The result is stored in a new variable called “n_dogs.” Since the “sex” column has two distinct values, male and female, the summary statistics will be given on two rows (one for female dogs and the other for male dogs).
gender_groups <- dogs %>%
group_by(sex) %>%
summarise(n_dogs = n()) %>%
ungroup()
gender_groups
## # A tibble: 2 × 2
## sex n_dogs
## <chr> <int>
## 1 female 13
## 2 male 14
Story: Since you enjoyed the combination of group-by() and summarise() a lot, you decide to also calculate bunch of other values for each gender.
After grouping the dogs by their sex, the following variables are calculated in the code below using the summarise() function:
gender_groups <- dogs %>%
group_by(sex) %>%
summarise(n_dogs = n(),
mean_height = mean(height),
mean_weight2023 = mean(weight_23),
mean_weight2022 = mean(weight_22, na.rm = TRUE),
min_height = min(height),
max_height = max(height),
cage_small = sum(cage == "small"),
cage_medium = sum(cage == "medium"),
cage_large = sum(cage == "large")) %>%
ungroup()
#install.packages("DT")
# library(DT)
# DT::datatable(gender_groups)
Next we want to turn to a number of different functions. These string operations are a type of data manipulation that involve working with character strings. In R, there are two main ways to perform string operations: using base R functions and using the tidyverse library. Some common tasks involving strings are:
Story: You have started building a website for your shelter. You decide to add images of the dogs to the website, with a short title for each image. You want to use the following info for this purpose: name, sex, and breed columns. You want to create a title such as “Sophronia is a female pug.”
We can use the paste() function to concatenate the values in the columns name, sex, and breed, in addition to the string “is a” and create a short title for each dog image. The default separator in the paste function is whitespace; you can define any other separator (e.g., comma, nothing, underscore).
website_content <- dogs %>%
select(name, breed, sex, description) %>%
mutate(title = paste(name, "is a", sex,breed, sep = " ")) #default sep is a whitespace
head(website_content)
## name breed sex
## 1 Sophronia Pug female
## 2 Buddy Labrador male
## 3 Mara Saint Bernard female
## 4 Gracelyn Dalmatian female
## 5 Broderick Bull Terrier male
## 6 Conrad Weimaraner male
## description
## 1 Sophronia is a female Pug who stands at 32 cm tall. This small and affectionate breed is known for their playful personality and charming wrinkles. Pugs are great family dogs, as they love to cuddle and are always up for a game of fetch. Sophronia is a friendly and outgoing pup who enjoys belly rubs and treats. She would make a great companion for someone who is looking for a low-maintenance, loving dog.
## 2 Buddy is a male Labrador who stands at 62 cm tall. This friendly and active breed is known for their obedience and trainability. Labrador Retrievers are one of the most popular dog breeds in the world and are known for their friendly and outgoing personality. Buddy is a social butterfly who loves meeting new people and dogs. He is also a big fan of playing fetch and going for long walks. Buddy will make a great companion for an active family who loves the outdoors.
## 3 Mara is a female Saint Bernard who stands at 59 cm tall. Saint Bernards are a giant breed known for their size and strength, but also for their gentle and friendly nature. They make great family dogs as they are patient and affectionate with children. Mara is a gentle giant who loves belly rubs and cuddles. She is also a great watchdog, always keeping a watchful eye over her family. Mara will need a large living space and plenty of room to run and play.

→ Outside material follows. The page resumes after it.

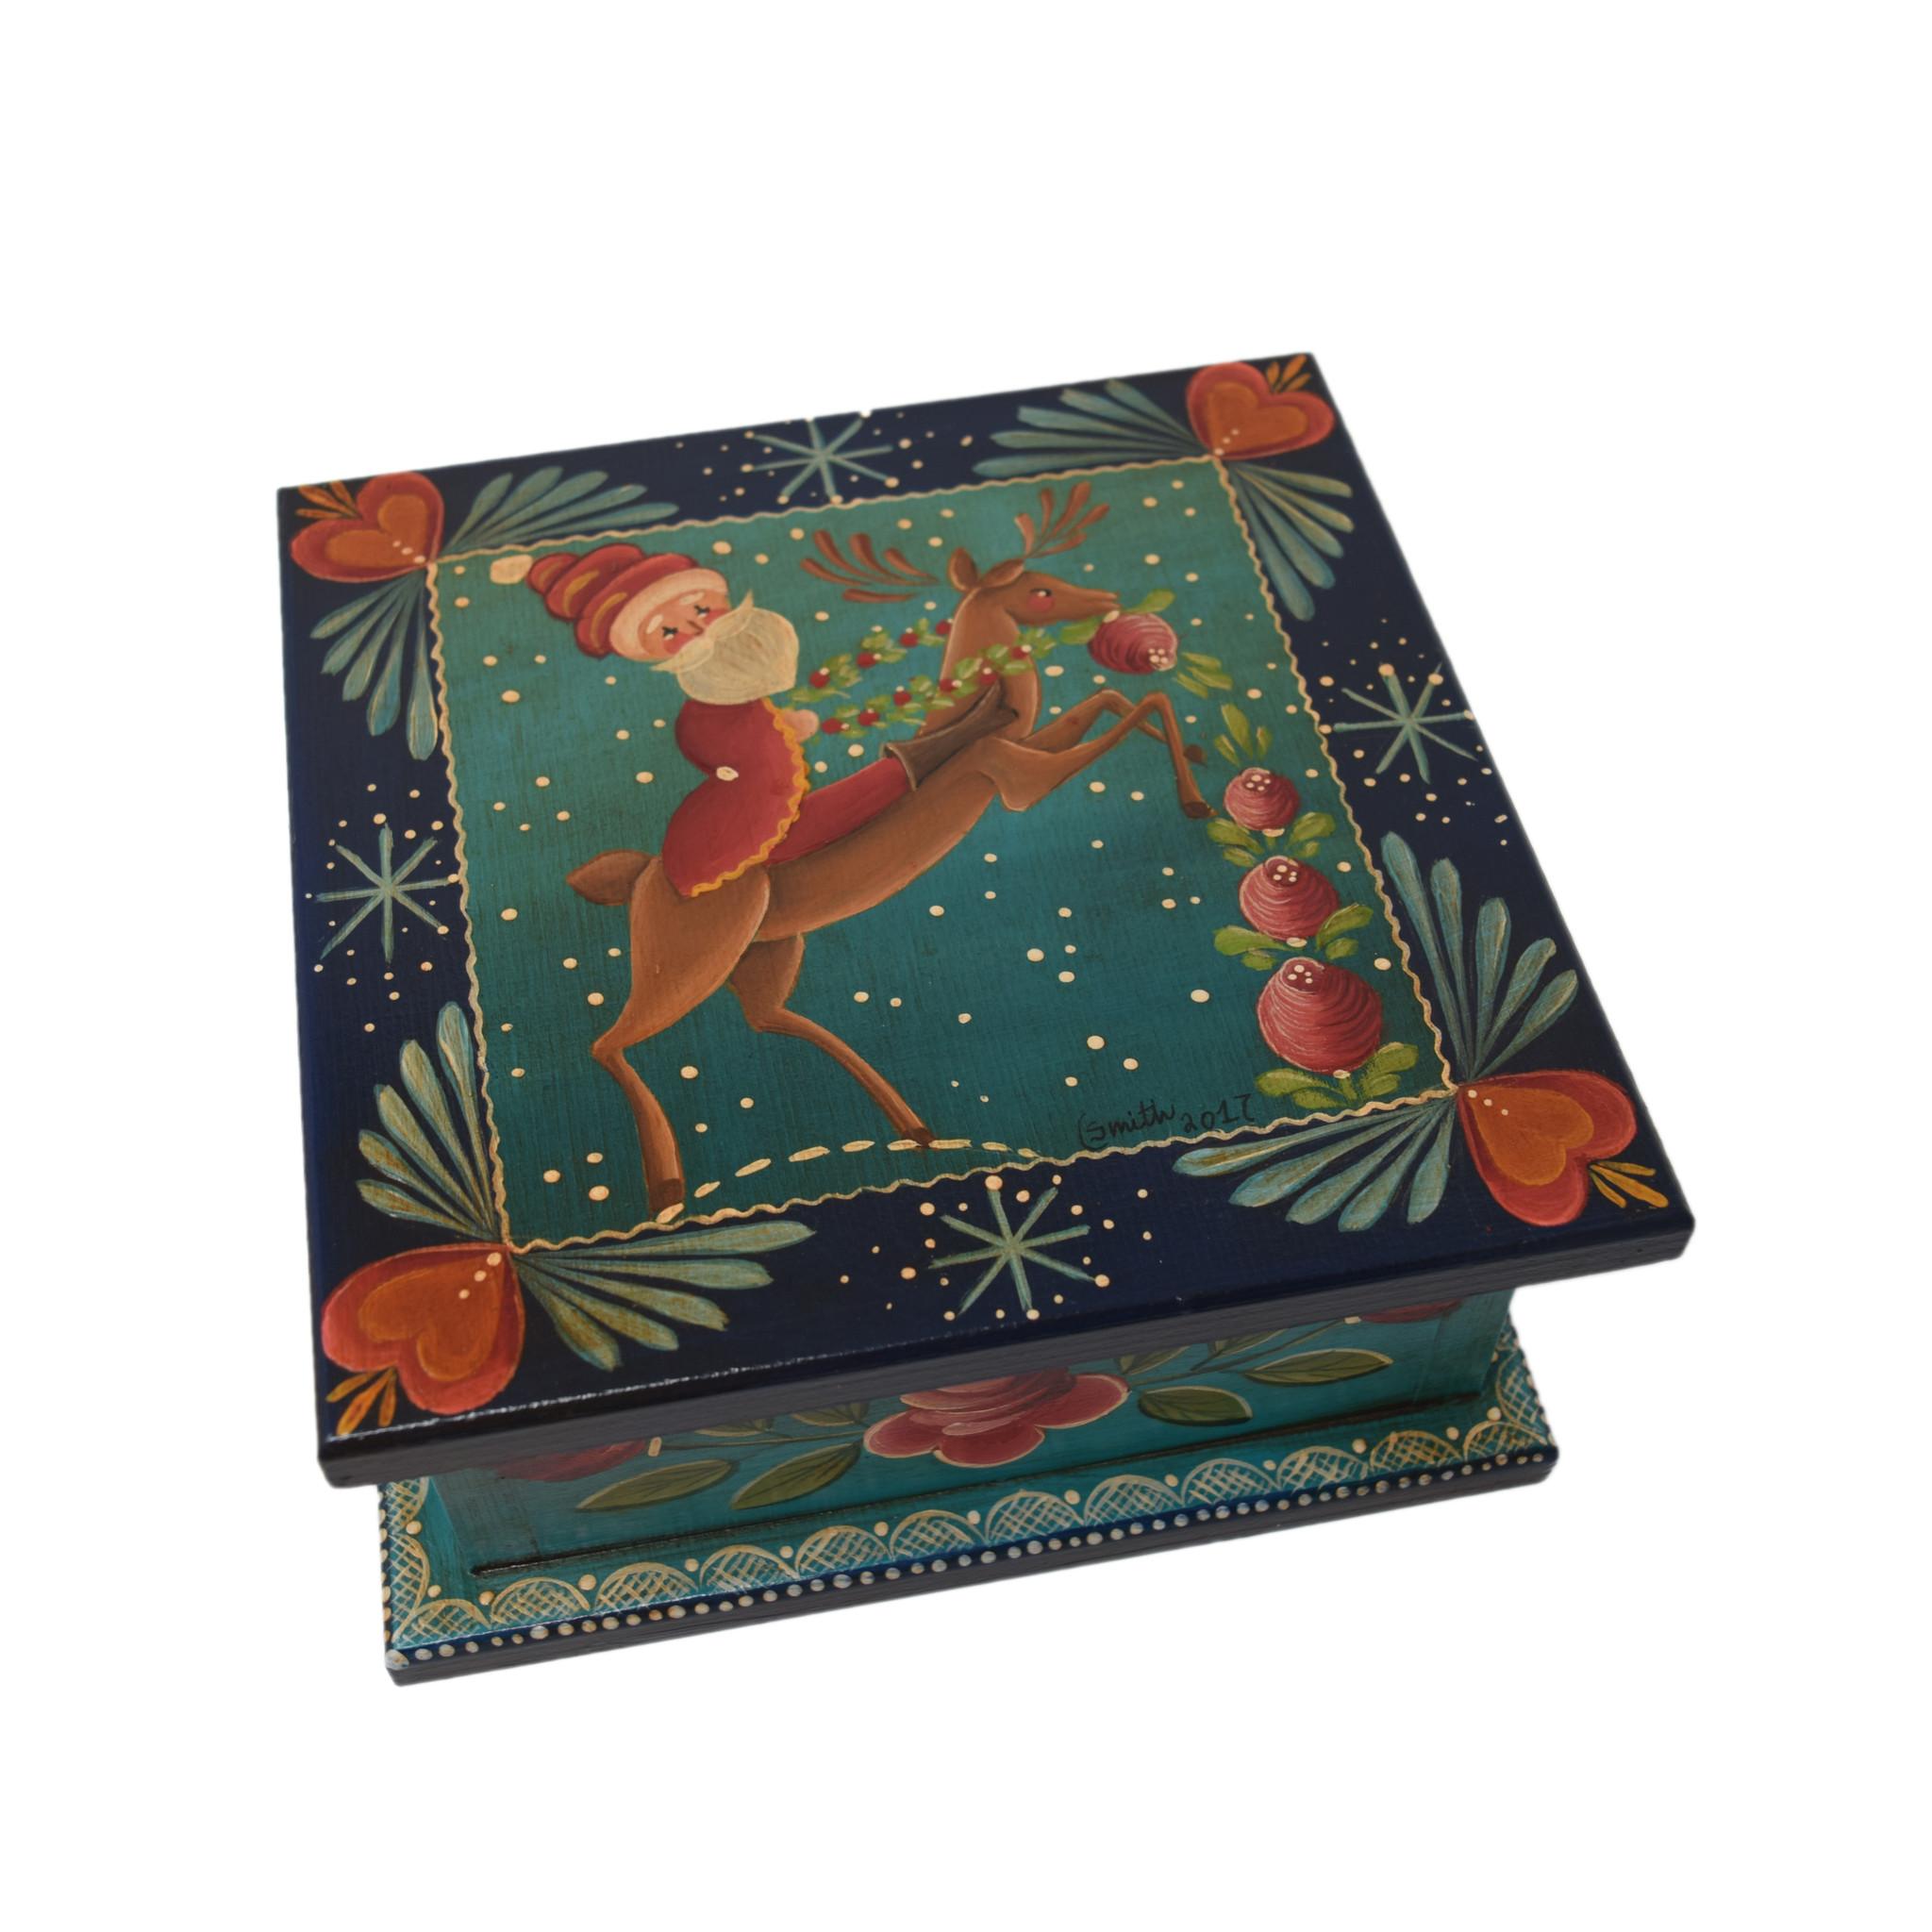 Square Dark Blue/Green Box with Santa-1

## 4 Gracelyn is a female Dalmatian who stands at 57 cm tall. Dalmatians are an energetic and playful breed known for their distinctive black and white spotted coat. They are an active breed that loves to run and play and make great family pets for those who can keep up with their energy. Gracelyn is a fast and agile pup who loves to play games of chase. She is also known to be a bit of a clown, always making her family laugh with her silly antics.
## 5 Broderick is a male Bull Terrier who stands at 48 cm tall. Bull Terriers are a muscular and energetic breed known for their tenacity and loyalty. They make great family dogs for those who are prepared for their high energy and playfulness. Broderick is a playful and energetic pup who loves to run and play. He is also known for his fierce loyalty to his family and will always be there to protect them.

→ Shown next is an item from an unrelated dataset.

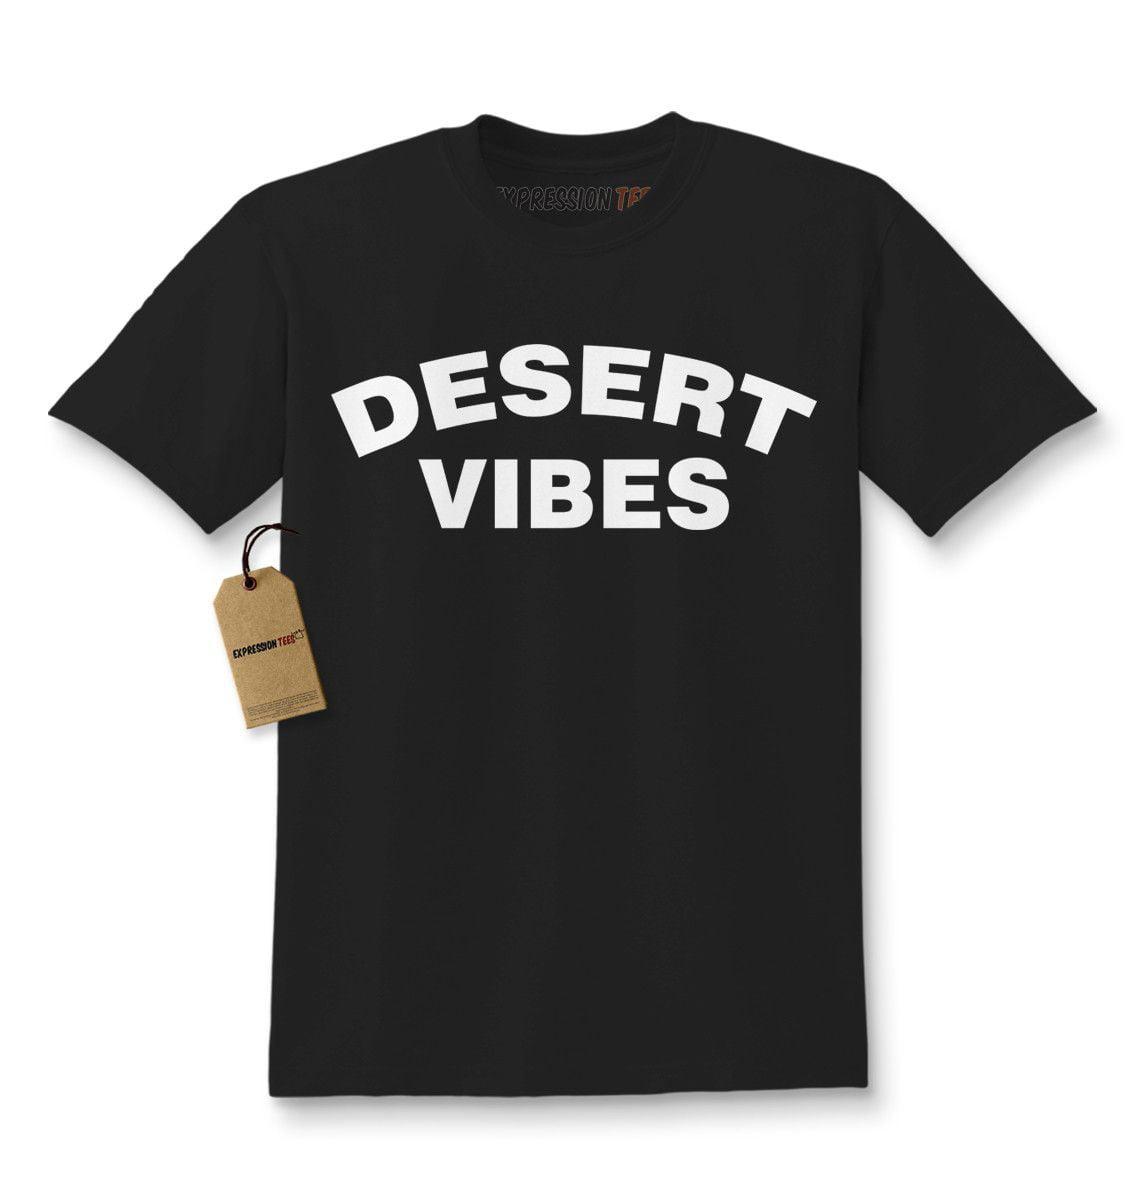 Desert Vibes Kids T-shirt

## 6 Conrad is a male Weimaraner who stands at 66 cm tall. Weimaraners are an athletic and energetic breed known for their hunting instincts and loyalty. They make great family pets for those who can keep up with their high energy and need for exercise. Conrad is an active and energetic pup who loves to run and play. He is also known for his protective nature and will always be there to keep his family safe.
## title
## 1 Sophronia is a female Pug
## 2 Buddy is a male Labrador
## 3 Mara is a female Saint Bernard
## 4 Gracelyn is a female Dalmatian
## 5 Broderick is a male Bull Terrier
## 6 Conrad is a male Weimaraner
Note: The paste() function is a base R function. Its tidyverse
equivalent is the function str_c(). As previously noted, R
offers a variety of options for performing the same operation, and the
choice of which to use often comes down to personal preference.
Story: You like the titles you have created, but you are not sure about its format. You decide to write the title in other formats (e.g., all in uppercase, only first words in upper case, first letter of each word in uppercase, lexical words in upper case) to see which version fits the images better.
In the code below, the titles are being passed through a series of functions that modify their format: The first function “str_to_upper” is being applied, converting all the characters of the titles to uppercase letters. This is equivalent to the toupper function in base R.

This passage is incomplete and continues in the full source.